Assigned task: Instruction for the data below: set down exactly the lines from the line with "A pair of antique" to the line with "Winter Crafts for", inclusive, and no others.

Information provided:
┄┄┄┄┄┄┄┄┄┄┄┄┄┄┄┄┄┄┄┄

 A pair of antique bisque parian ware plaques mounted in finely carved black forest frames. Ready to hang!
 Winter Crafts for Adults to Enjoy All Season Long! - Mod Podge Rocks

┄┄┄┄┄┄┄┄┄┄┄┄┄┄┄┄┄┄┄┄

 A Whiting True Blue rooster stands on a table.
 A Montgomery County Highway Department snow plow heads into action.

┄┄┄┄┄┄┄┄┄┄┄┄┄┄┄┄┄┄┄┄

Worked solution:
 A pair of antique bisque parian ware plaques mounted in finely carved black forest frames. Ready to hang!
 Winter Crafts for Adults to Enjoy All Season Long! - Mod Podge Rocks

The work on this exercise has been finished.